Yesterday I helped host a book party for Aaron Berman, author of America’s Arab Nationalists: From the Ottoman Revolution to the Rise of Hitler, (Routledge 2023). Aaron, as some of you know, is my husband. The event was lovely with a mixture of colleagues, family, and friends attending. Aaron read from the book and answered questions.

Here are two pictures from the party:

Here is  how to buy the book. Here is a link to an interview of Aaron by Jadaliyya  as well as a link to his appearance on the podcast, New Books Network, crosslisted in both American Studies and Middle East Studies.

 

Chopped Liver

As has often been the case lately, I find myself not knowing what to write. After a few weeks off, today is the first day of the latest session of Nerissa’s writing group. In the chit chat before the group formally started, one of the participants remarked in response to something someone else said,  “What am I -chopped liver? That quip brought back memories of the dish.

For several months, leading up to Passover, my mother would save both the liver and the fat – schmaltz – from every chicken she cooked. She was following her mother’s practices. My grandmother and grandfather owned a delicatessen in Long Beach, Long Island.
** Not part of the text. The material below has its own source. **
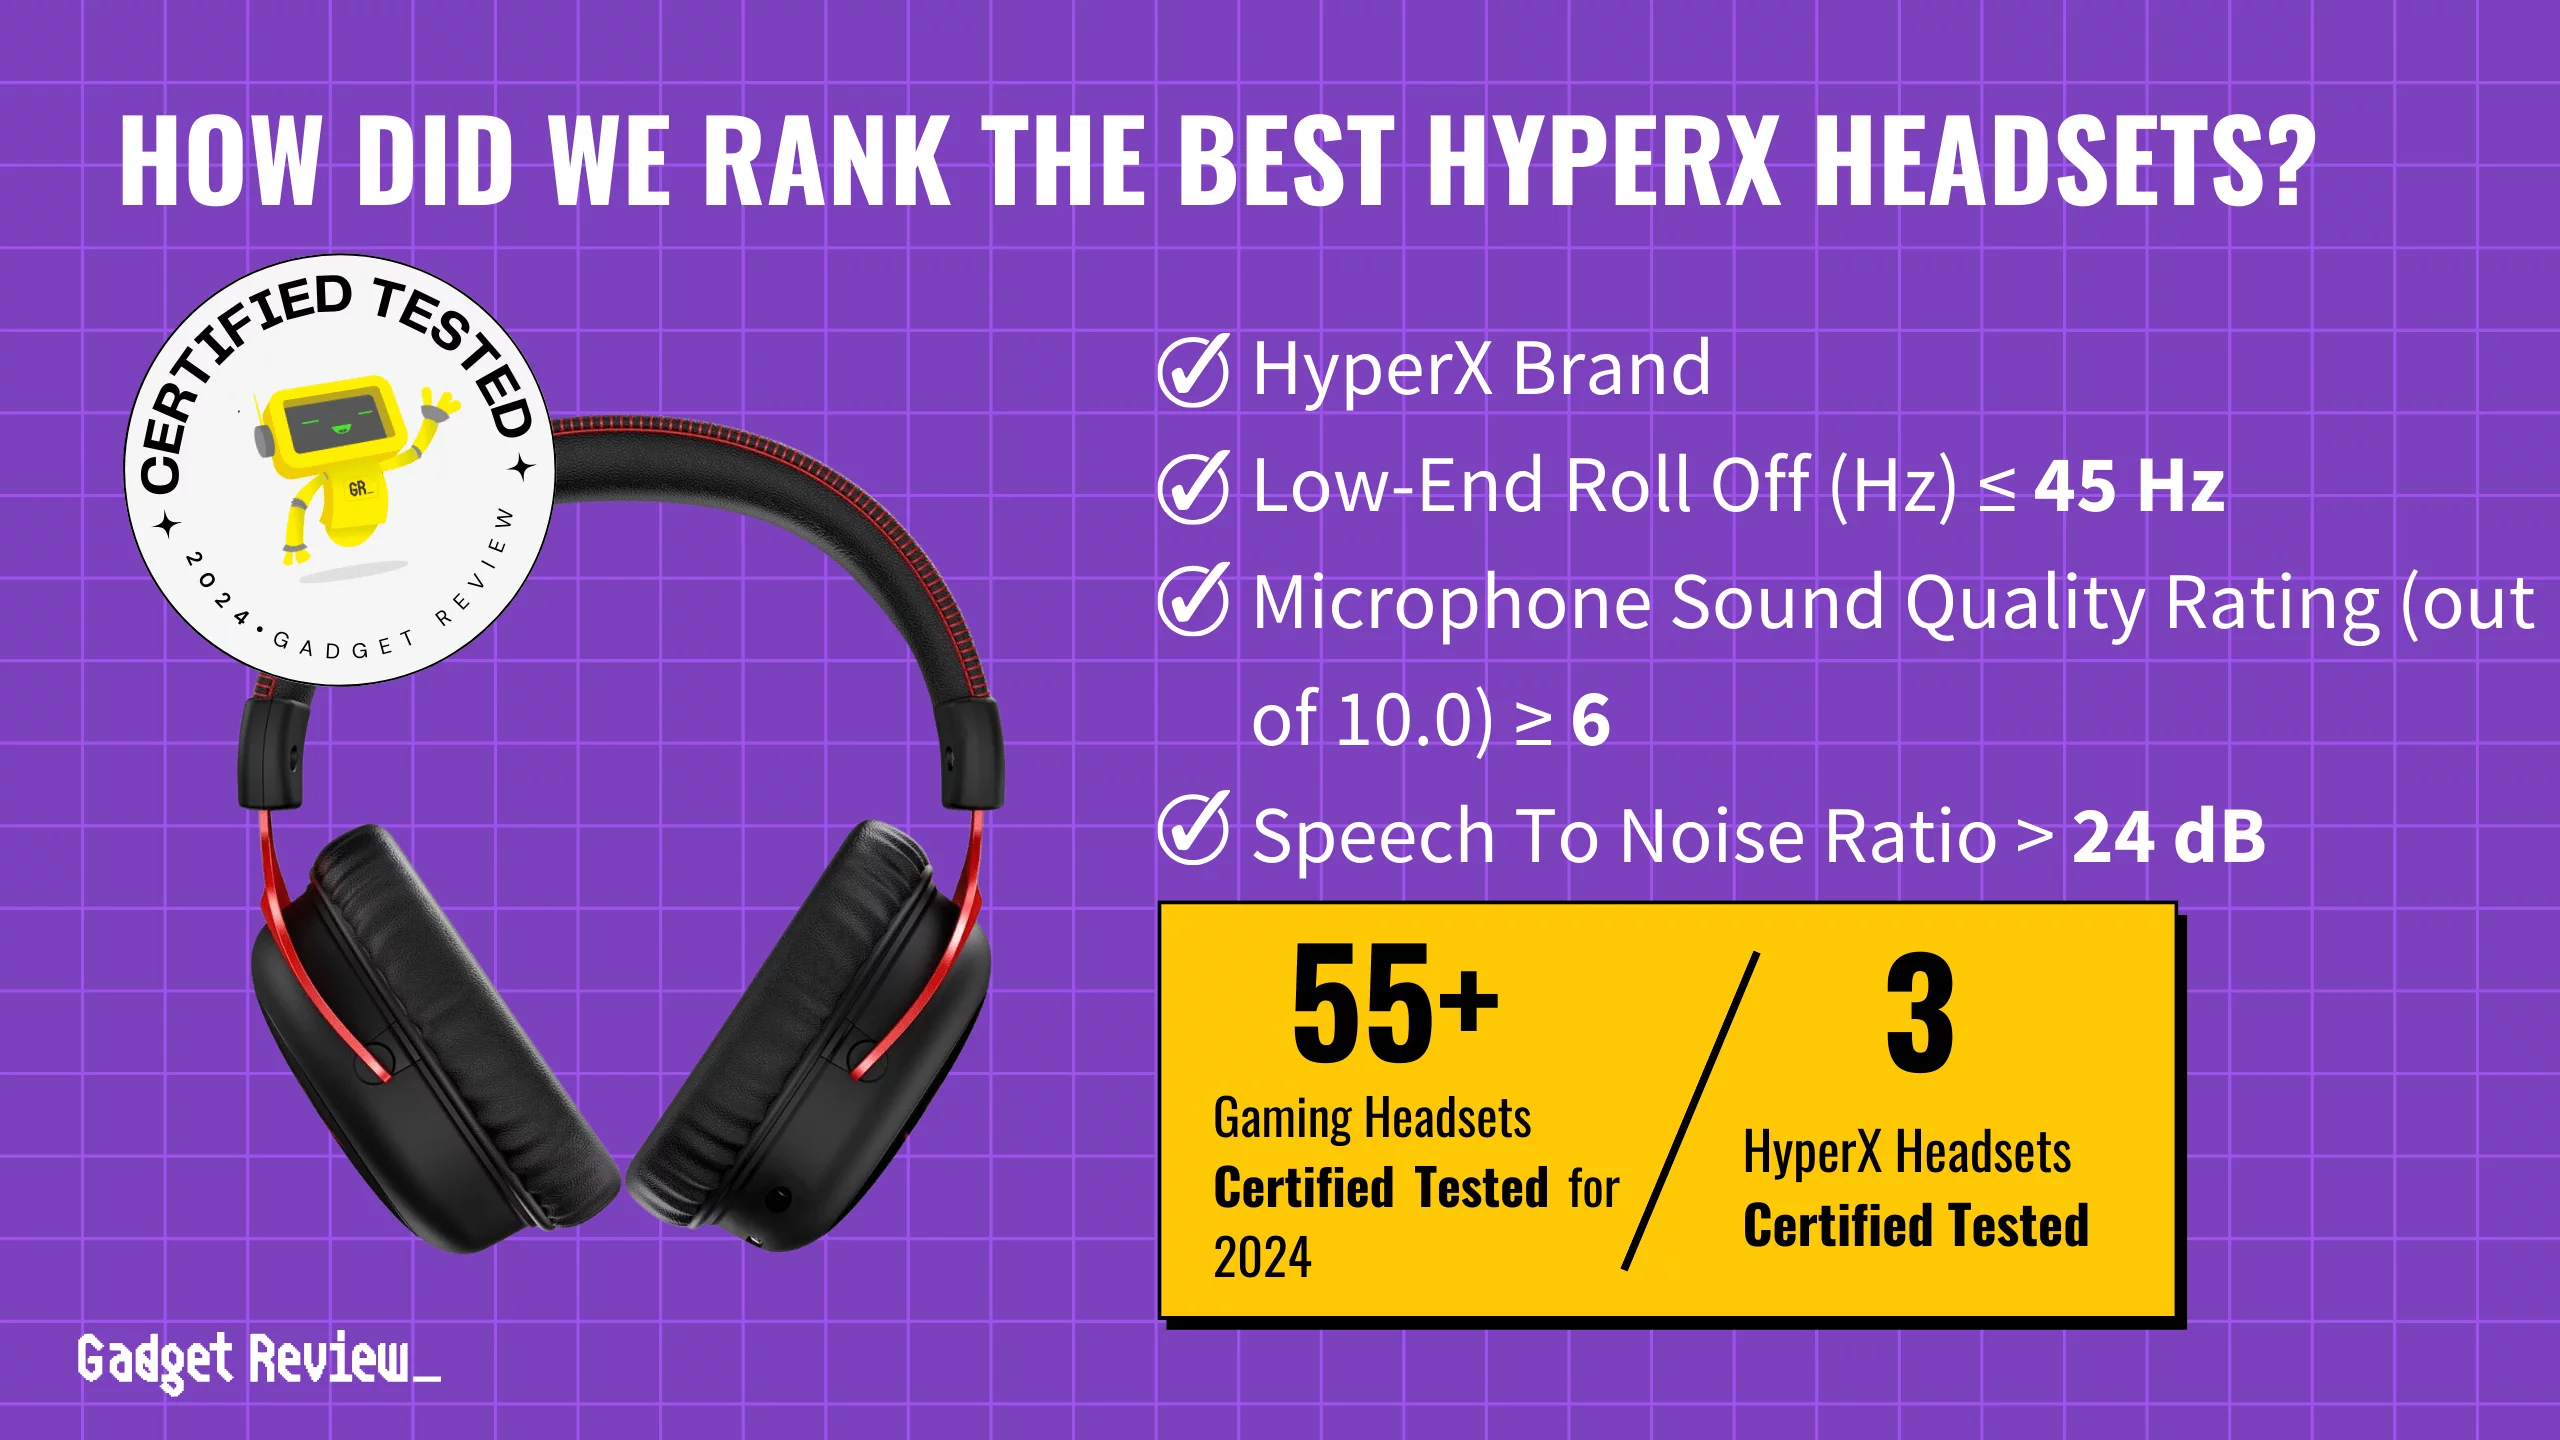 We Ranked the 3 Best HyperX Headsets

As I have written elsewhere, my grandmother was an amazing cook, although she cooked Eastern European dishes and did not really cook American things such as a hamburger.

Once my mother had enough livers and fat, my father took over. He would render the fat; the pieces left over were gribenes. Gribenes, similar to pork cracklings, are one of the best foods in the world. I would love to have some right now.

Using the rendered schmaltz, my father would chop and mix the liver with the fat and some onions. Delicious. Memories of food are all mixed up with memories of the people who made the dishes. Eating gribenes and chopped liver would feed my palate but also my soul. Remembering my father, with his sly humor, cooking with me, a sometimes-sullen teenager is both sad and comforting.

I have my grandmother’s apron from the store. That is what we called Al’s Delicatessen. Whenever I put that on, the memories flood back. Her kind, generous face. Her care for everyone in the family. My mother’s grief when her mother died.

Richard is right; to say “what am I – chopped liver?” when chopped liver carries such precious cargo must be a compliment.